As the head of Diagnostics for All, a nonprofit founded in 2007, Una Ryan has one goal: to change the way health care is delivered in poor countries. The organization is developing paper diagnostics—cheap, portable, easy-to-manufacture tests that can be used in environments with few resources and little infrastructure (see “TR10: Paper Diagnostics,” March/April 2009).
The key to the nonprofit’s success is an innovative business model. Diagnostics for All has won grants and philanthropic funding to support early development of its technology. But Ryan knows that these types of funds are inadequate for deploying new medical tests over the long term. So Diagnostics for All has created a for-profit subsidiary, Paper Diagnostics, which will partner with companies to develop tests for use in wealthy nations. After taxes, the proceeds will be invested back into the nonprofit.
The organization’s most advanced test, for liver function, is designed to help people who take HIV and tuberculosis medications that can cause liver damage. A doctor can use the test to quickly determine when a patient’s drug or dosage should be changed. Emily Singer, TR’s senior editor for biomedicine, asked Ryan how she expects to deploy this technology in poor countries.
TR: What makes Diagnostics for All’s business model unique?
Ryan: We have created a nonprofit and a wholly owned for-profit. That will allow us to take the technology and work with partners who want to make money. But we will get royalties and put them back into a fund to allow Diagnostics for All to do more tests and develop more products. I am trying to build sustainability in terms of delivery to people in the developing world, but also for DFA. I want it to be here long after I am gone.
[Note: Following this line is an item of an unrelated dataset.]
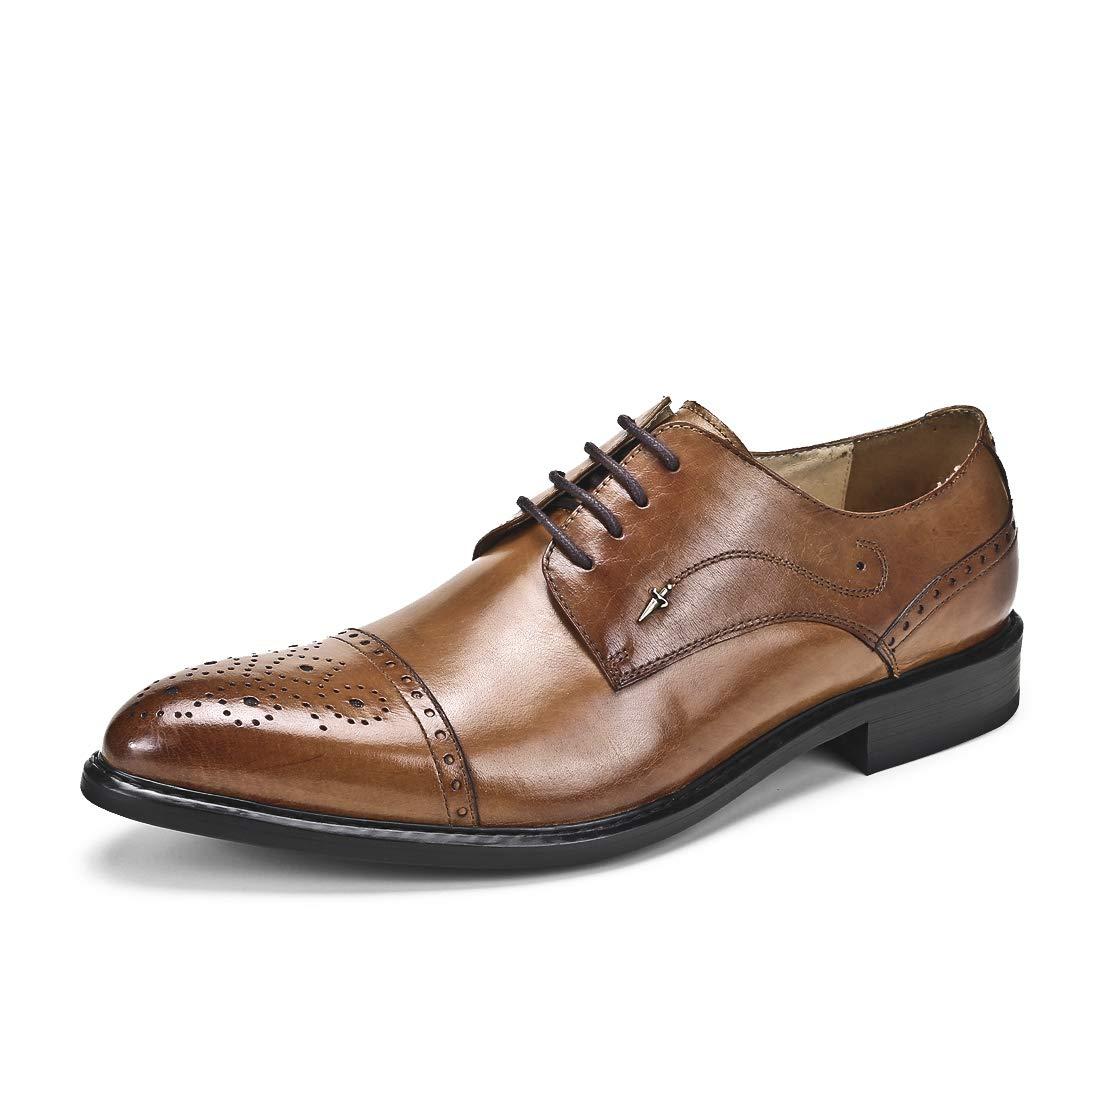 MERRYHE Echtes Leder Brogues für Männer Vintage Lace Up Derby Klassische Business Formale Schuhe Hochzeit Schuhe

How will you work with companies? Will you license the technology or work with them to develop products?
We can envisage different models being suitable for different relationships, including straight licensing deals, joint ventures, and shared development. We have several ongoing corporate relationships but have not announced anything publicly.
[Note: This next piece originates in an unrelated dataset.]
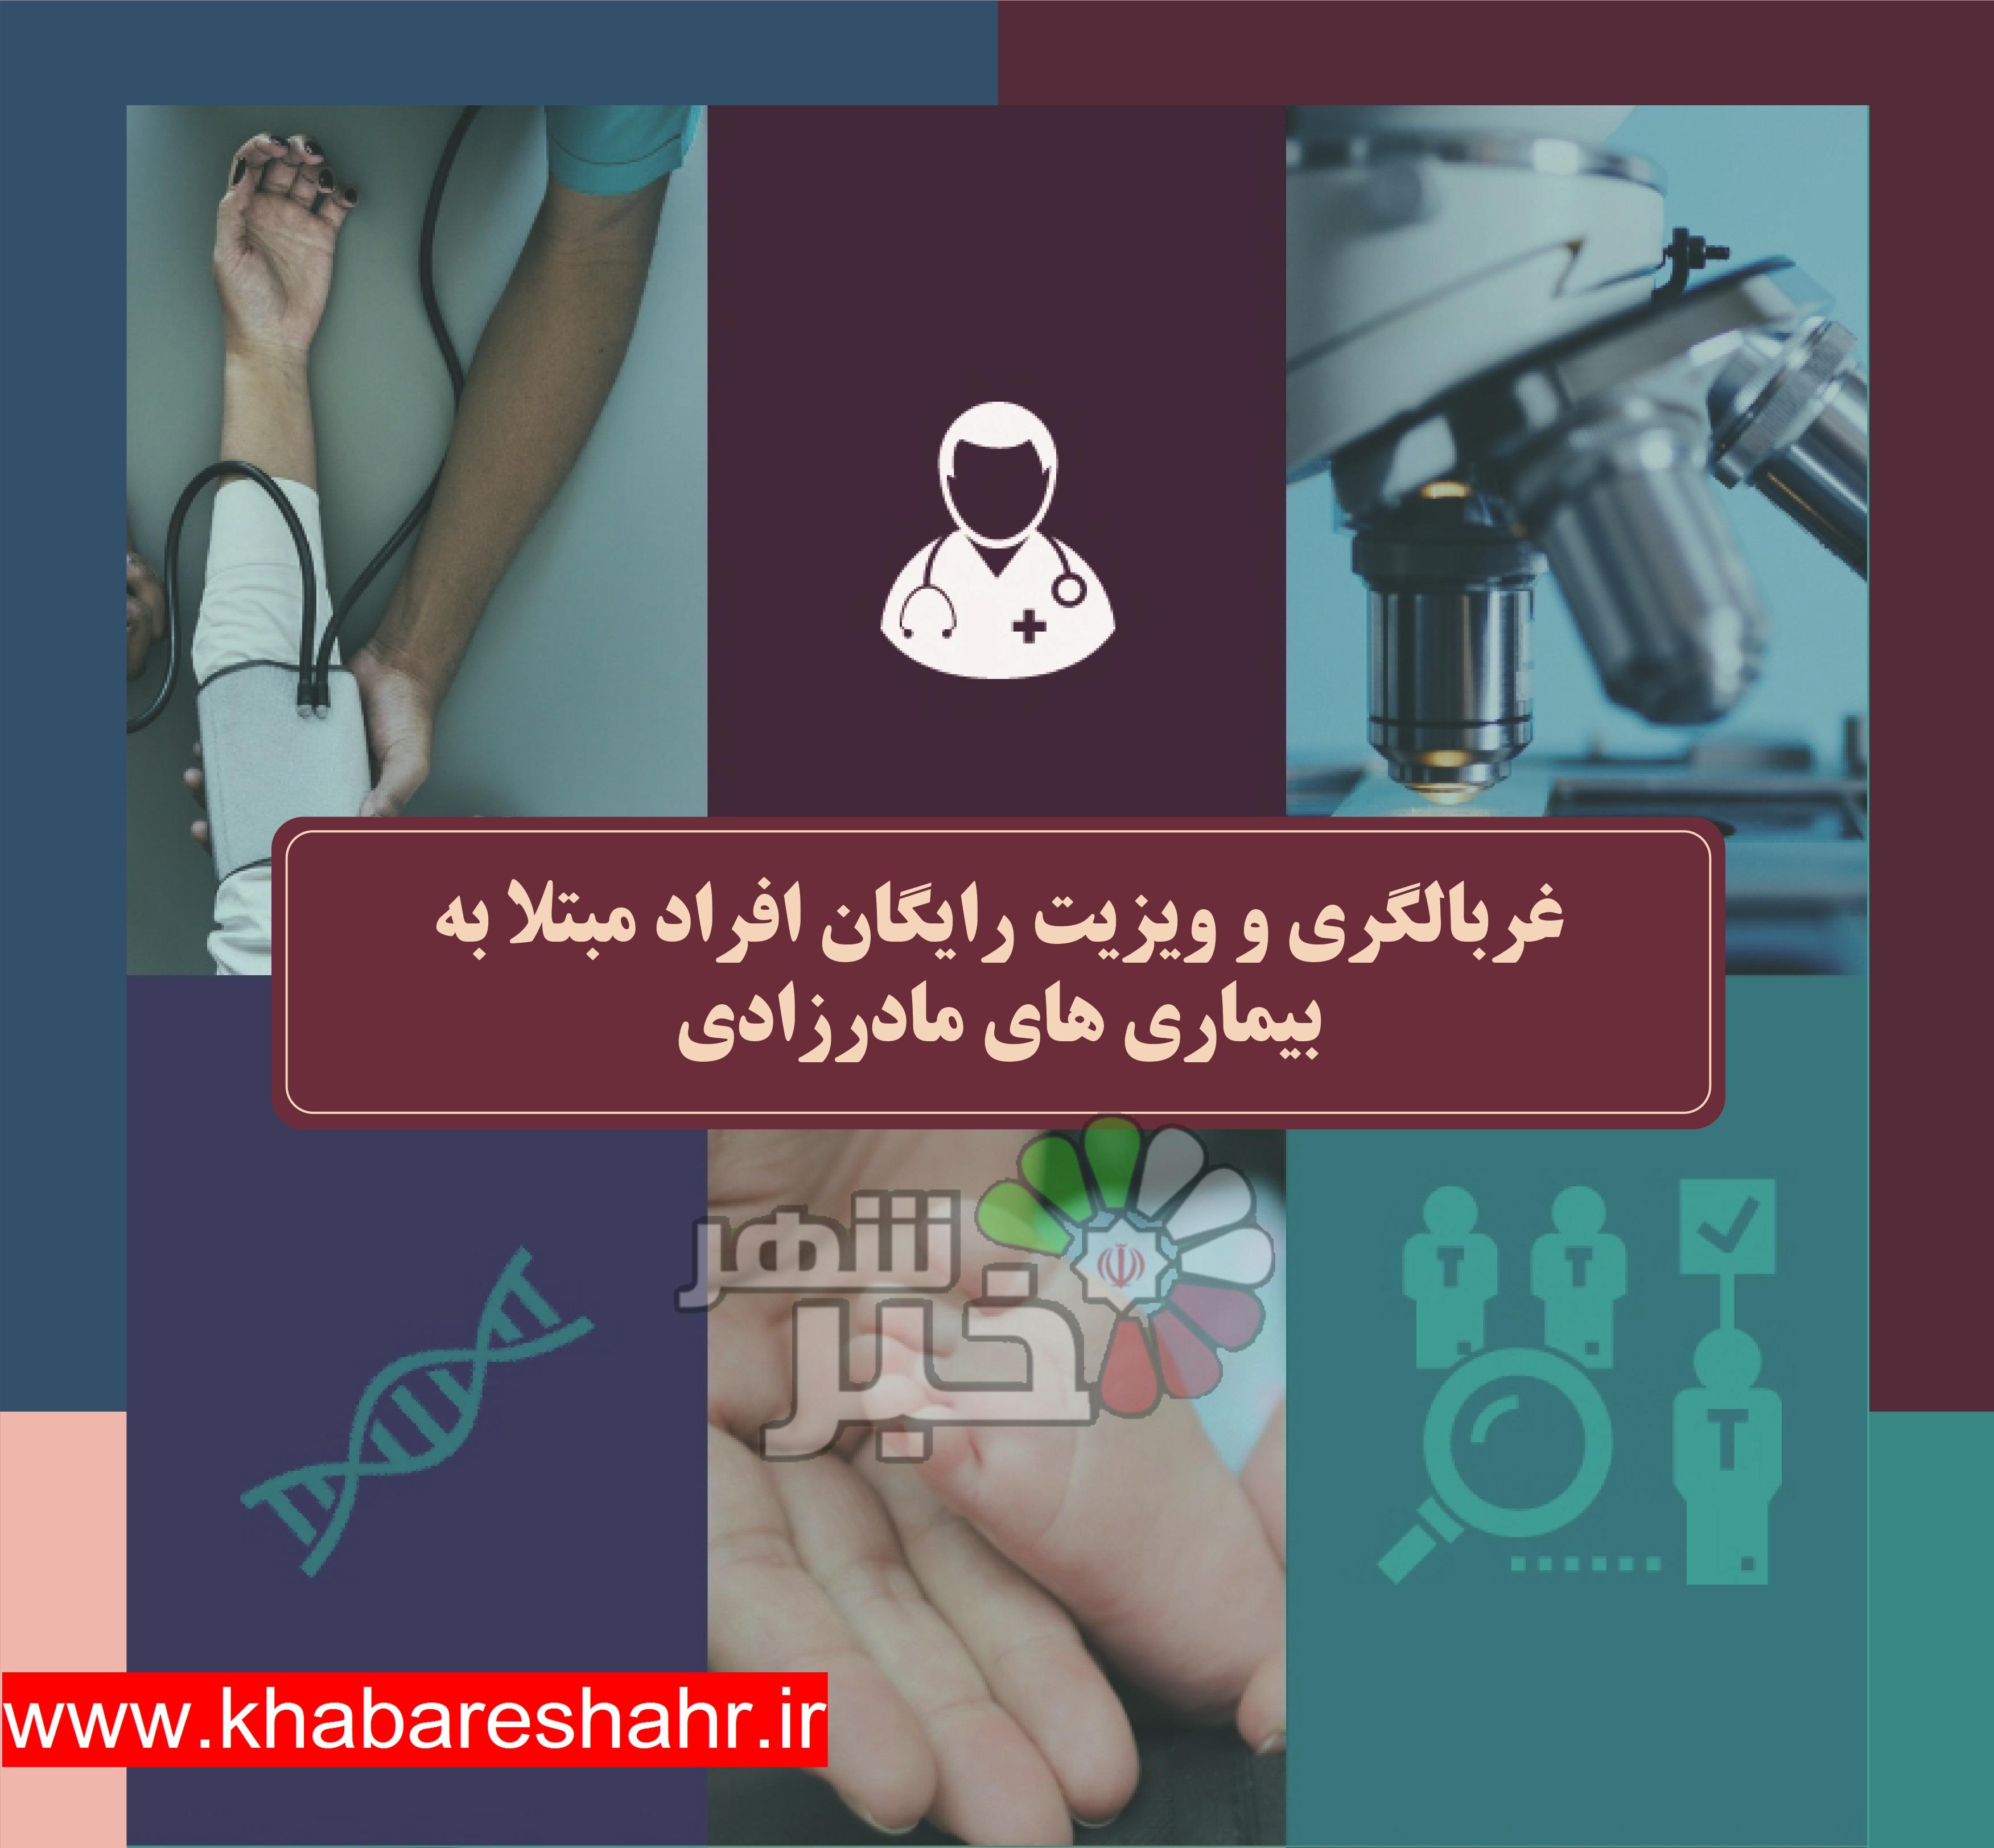 غربالگری و ویزیت رایگان افراد مبتلا به بیماری های مادرزادی در بیمارستان امام سجاد(ع) شهریار

What kinds of diagnostic tests are you developing?
In addition to the liver function test, we already have a pregnancy test and a glucose test [for diabetes monitoring]. But one of the biggest advantages of the technology is that the applications are broad. We can test food products. We can put the technology into thread to look for infections in wounds, we can put it in diapers. The cost of the test is not limiting—it’s all about what you do with the test. This is a very good way of accurate intelligence gathering on health and disease.
You previously headed a public company. Why did you decide to take on the job at Diagnostics for All?
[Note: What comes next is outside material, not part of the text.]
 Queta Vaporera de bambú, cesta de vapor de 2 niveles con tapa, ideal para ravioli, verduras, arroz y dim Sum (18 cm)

DFA represents an opportunity to fundamentally change the way we look at health care worldwide. If one can make a device that meets the qualifications for success in the developing world—one that can be produced at low prices on a massive scale, that is easy to use, portable, and disposable—it will likely be a dynamite product for the developed world as well.
Many attempts to bring technology to poor countries have failed. Health clinics are littered with broken centrifuges and other instruments. How do you plan to avoid these problems?
You have to have the right technology, one that is intrinsically low cost. The second thing you have to have is the right business model. You can get a lot of stuff worked on or researched—students will work on a project for one summer, or people will make donations during the holiday season—but to get to the end user, we need something scalable and sustainable. I have done many experiments with dual markets [which sell one product to poor countries and a related product to wealthy ones] and tiered pricing [with different prices for different markets], but I think this is a winner.
What have been the biggest hurdles in achieving your vision for Diagnostics for All?
Initially, it’s getting unrestricted funding. A lot of grant funding often excludes legal expenses, consultants, or overhead for paying employees. The other hurdle is always the regulatory one. Satisfying regulatory bodies all over the world is expensive. We have made something that is almost zero cost to make—a 300th of a cent to print them. But by the time it goes through the regulatory process, we have to add a few cents.
How will you deliver the technology?
Initially, we will work with hospitals and clinics where there is already some infrastructure, because we don’t have feet on the ground all over the world. One thing we can do is deliver them at scale. And they are portable enough to be delivered by someone on a bicycle. We also want to go more nontraditional routes, such as small NGOs and e-health clinics. I would like to see these paper diagnostics available at a convenience store, just like chewing gum. In South America, we might work with generic pharmacies, which tend to be next to doctors’ offices.